Miyerkules, Setyembre 25, 2019

Ford adds Austin to its AV plans

Some automated-vehicle developers are synonymous with their test-bed cities. Cruise Automation conducts almost all its testing within the confines of San Francisco. Waymo has pinned its early focus on the Phoenix market.

Ford Motor Co., on the other hand, has gone in the opposite direction. When the company launches a commercial business centered on autonomous driving sometime in 2021, it intends to start in multiple markets.

One of those will be Austin, Texas.

On Wednesday morning, Ford revealed that the Lone Star State's capital will be one of the three cities it intends to do business in once operations commence. Argo.ai, the company building Ford's self-driving technology, will start mapping Austin's roads sometime this November. Austin joins Washington, D.C., and Miami as Ford's planned business locations.

Sherif Marakby, chief executive officer of Ford Autonomous Vehicles LLC, the subsidiary set up to handle Ford's fledgling AV business, emphasized Wednesday that the company's pending arrival in Austin provides needed time to refine both technology and business blueprints.

Working on the latter now will help scale the business once the technology is ready, and that's one reason Ford is spreading resources across three major markets.

"We're doing it the hard way," Marakby said. "It's hard to do it that way, but we understand what it takes, because we've been doing it for a few years, planning depots, staff and technology development. One of the big pros of this approach is the ability to scale fast. If we have to launch in three cities in a variety of environments and campuses and things like that, we can scale fast. … And we think scale is key."

Perhaps more than any competitors, Ford has spent substantial efforts developing and vetting the business side of its self-driving operations. In Miami and Washington, Ford has worked with local businesses such as florists and dry cleaners to determine how its AVs might best suit their delivery needs. Already, the company has adjusted its plan and cast aside some initial preconceptions of how delivery services might work.

Ford did not say how many of its Fusion hybrid test vehicles it will immediately deploy to the Austin area to begin mapping and learning the habits of Austin drivers and other road users. Once it launches, the company will eschew the Fusions for a dedicated, purpose-built autonomous vehicle that has not yet been unveiled but is widely expected to be a hybrid that draws from learnings on the commercial side of the company's business and be sturdy enough to last for "hundreds of thousands of miles," according to Marakby.

He said Wednesday it's too early to say exactly what percentage of initial business will be targeted toward delivery services vs. ride-hailing operations. Both are in the company's initial plans.

Broadly, Ford's steady rollout of test and prospective commercial markets comes at a time when others in the industry are recalibrating their autonomous-vehicle plans and time frames. Notably, Cruise Automation, GM's self-driving unit, delayed plans to launch a commercial business in 2019, with no amended timeline yet announced. Marakby touted the consistency of Ford's long-planned 2021 timeline when speaking to reporters earlier this week.

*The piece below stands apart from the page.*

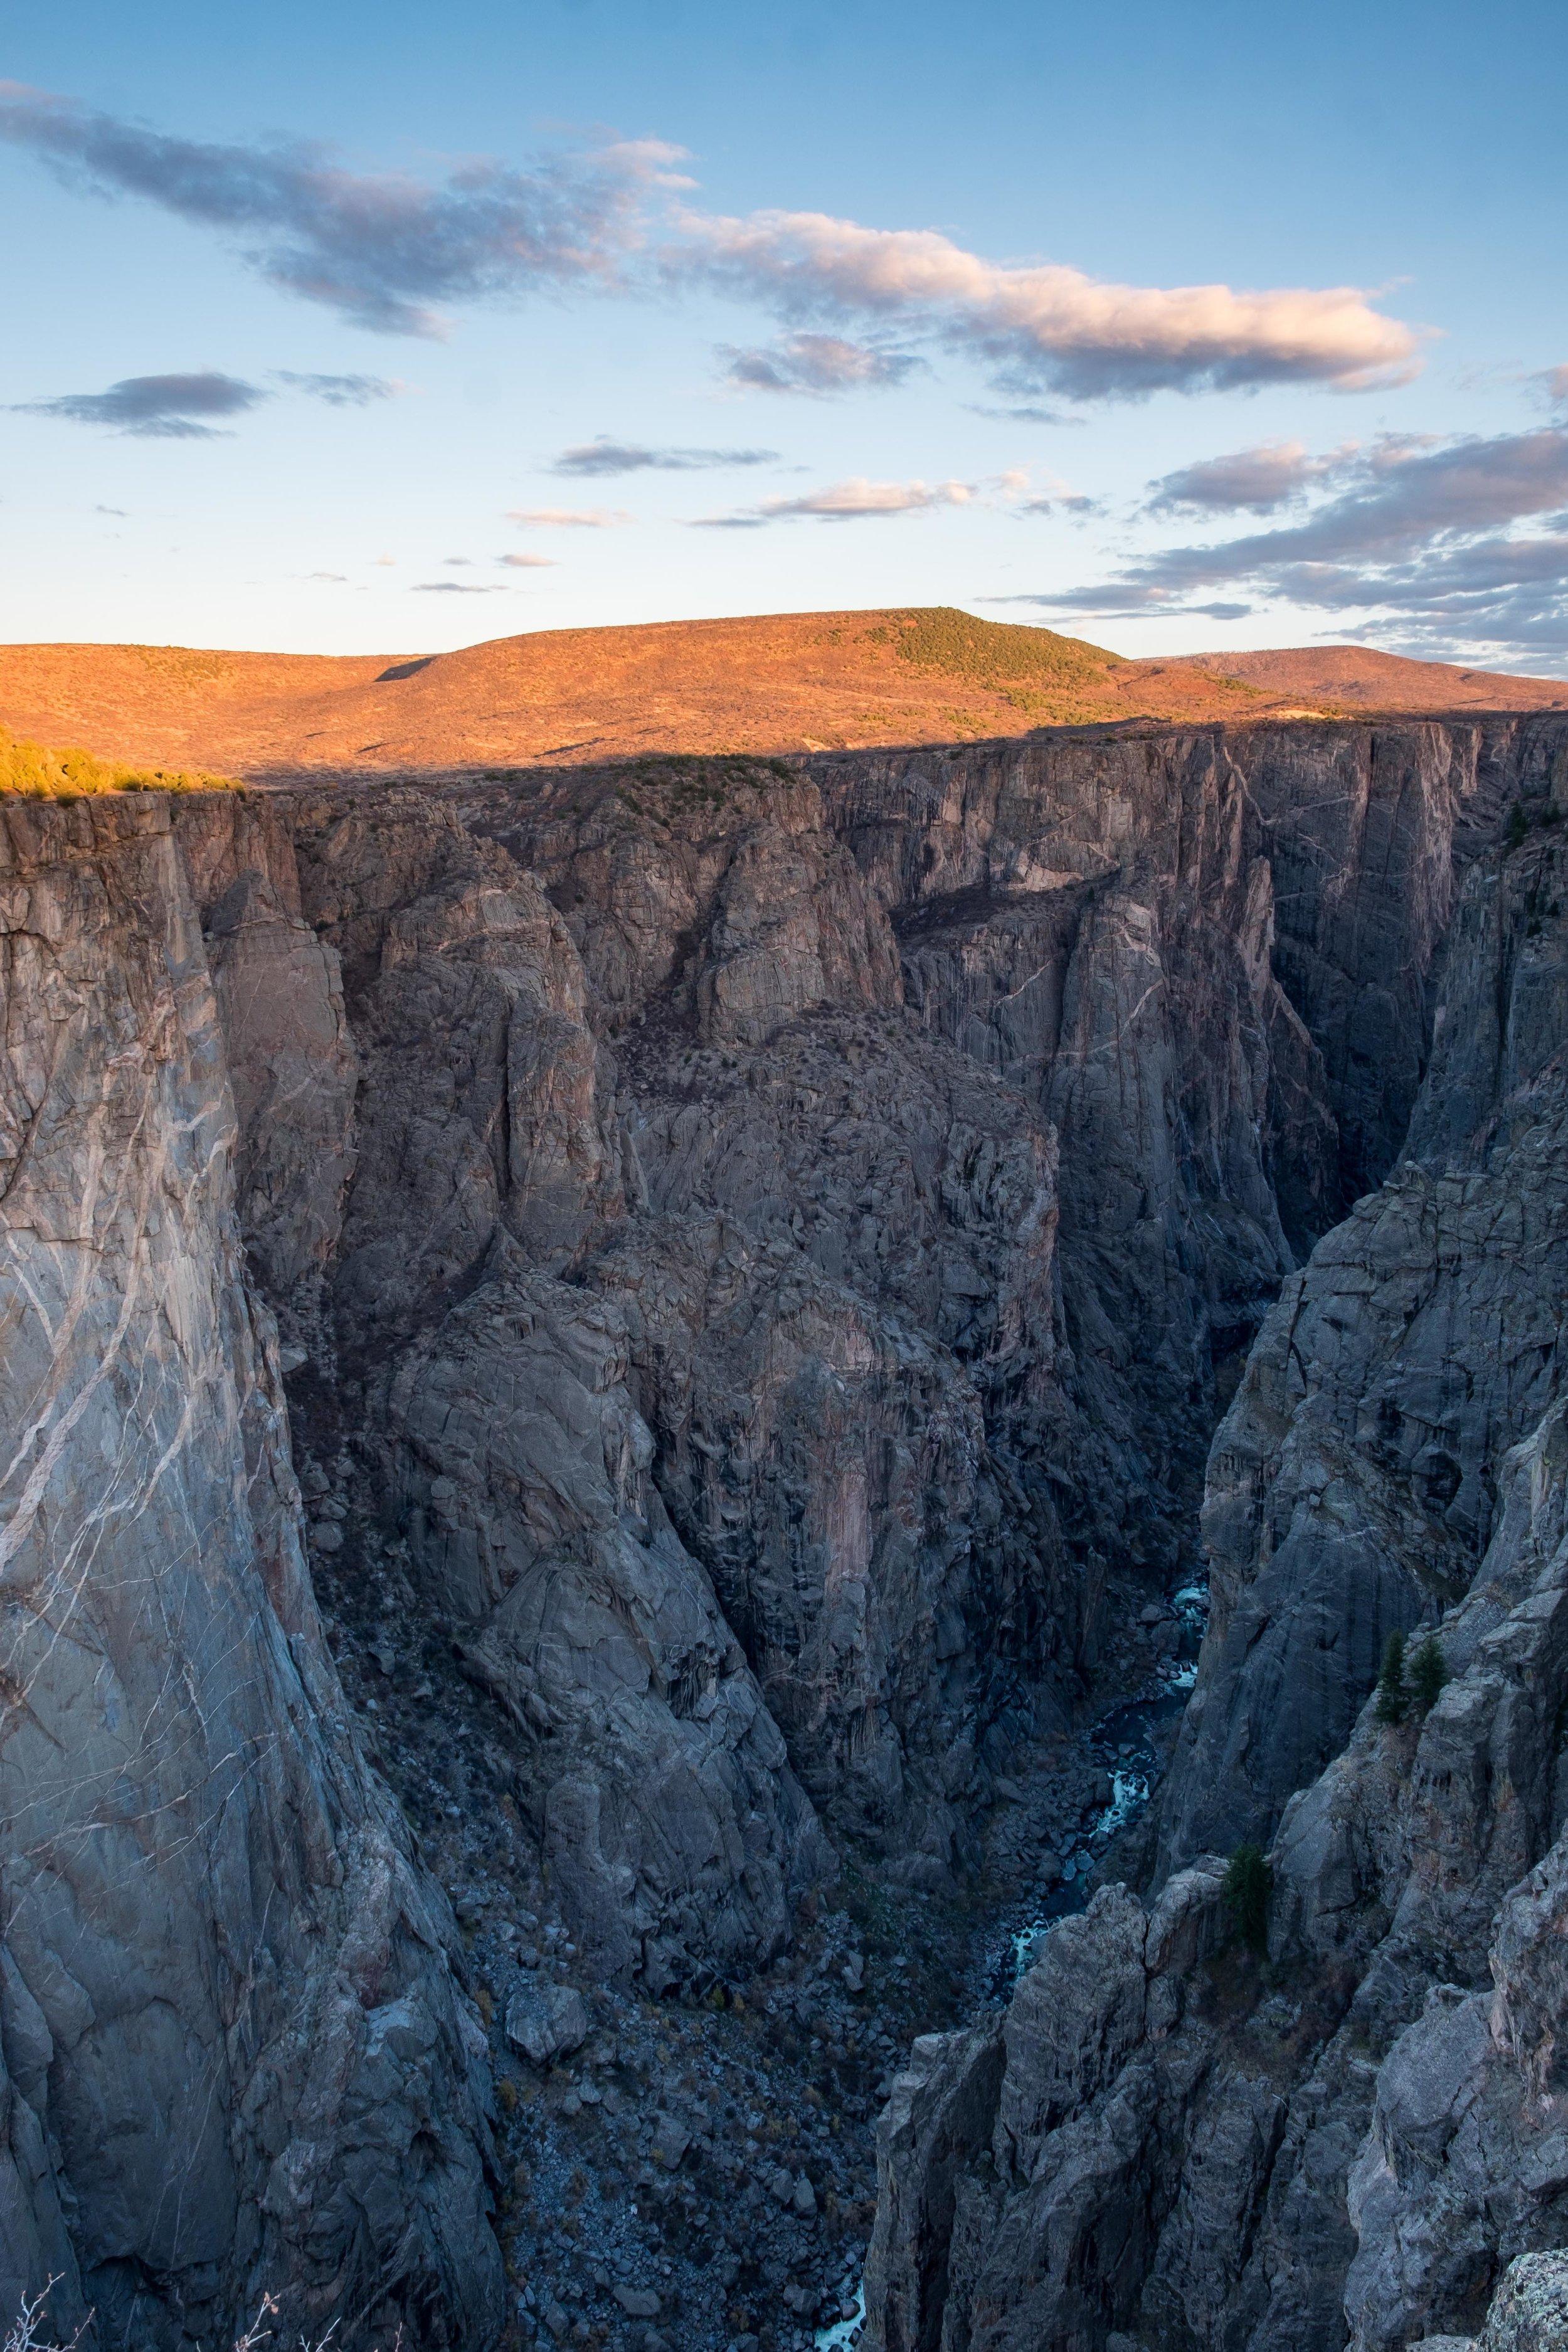 20161103-JI-Black Canyon of the Gunnison National Park-_DSF0676.jpg
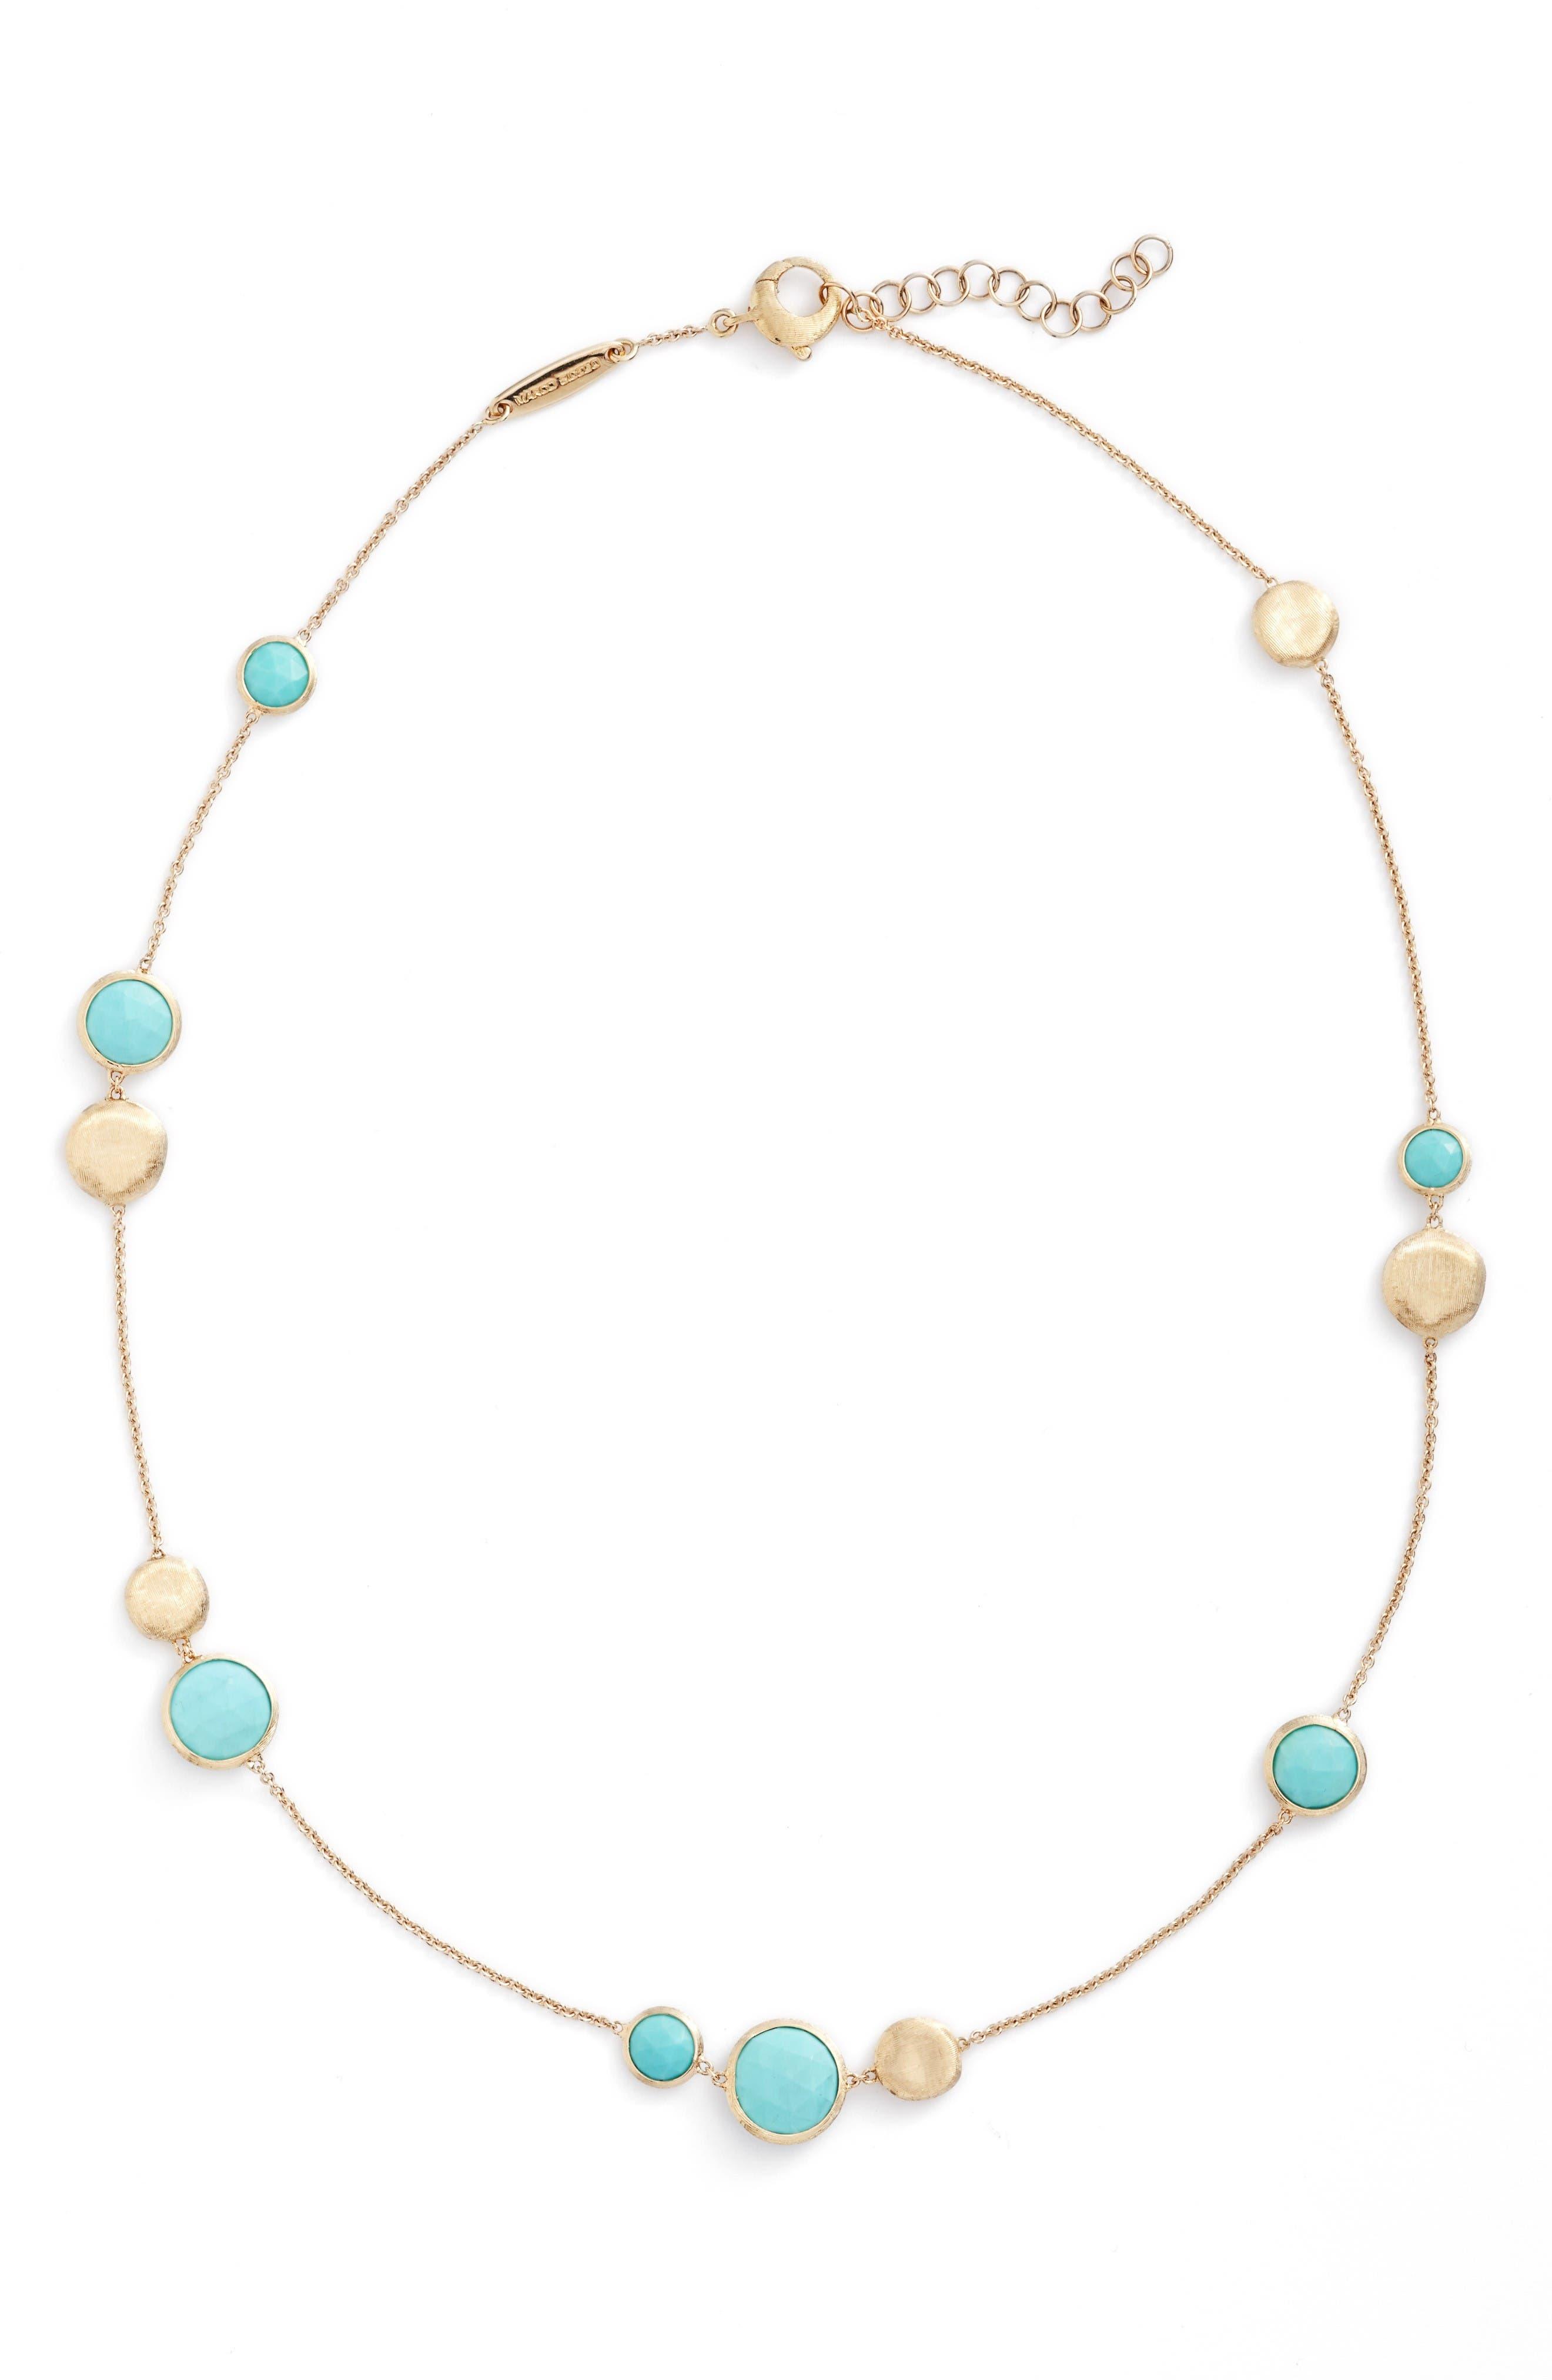 Main Image - Marco Bicego Jaipur Stone Collar Necklace

"We've never announced super-aggressive dates like 2018 or 2019," he said. "We've always seen that as too unrealistic. We've stuck with 2021 for initial commercialization of the service. …. We know the safe integration of the technology will take a few more years, and we're all in to drive the integration and the technology, and in parallel, work on the business. Technology for the sake of technology won't really result in a profitable business or work for the city. So we're sticking with our plan."

In Austin, Ford may find challenges on both the technology and business side of the operations that it hasn't encountered in Miami and D.C. Although those cities contain colleges, the size of the University of Texas campus and its proximity to downtown Austin offers the company a potential base of ride-hailing customers.

On the technology side, scooters might provide a newfound challenge for Argo's self-driving system. Austin has attracted scooters by the thousands. This year, city records show, companies deployed 10,000 scooters that resulted in more than 434,000 rides during the city's 10-day SXSW festival. While Argo has encountered scooters elsewhere, it hasn't seen them at the saturation level found in Austin, something bound to be valuable in training its self-driving system.

Ford has a history of working with Austin, a finalist for the U.S. Department of Transportation's Smart City Challenge, on innovation. In 2016, Ford Motor Credit Co. ran a short-lived shared-leasing pilot project in the city that gave customers the opportunity to share a lease and schedule time in the vehicle.

Austin is one of the markets in which Ford is running its "City:One Challenge," which delivers as much as $300,000 in grants to help city residents brings grassroots transportation ideas to city officials and implement pilot programs.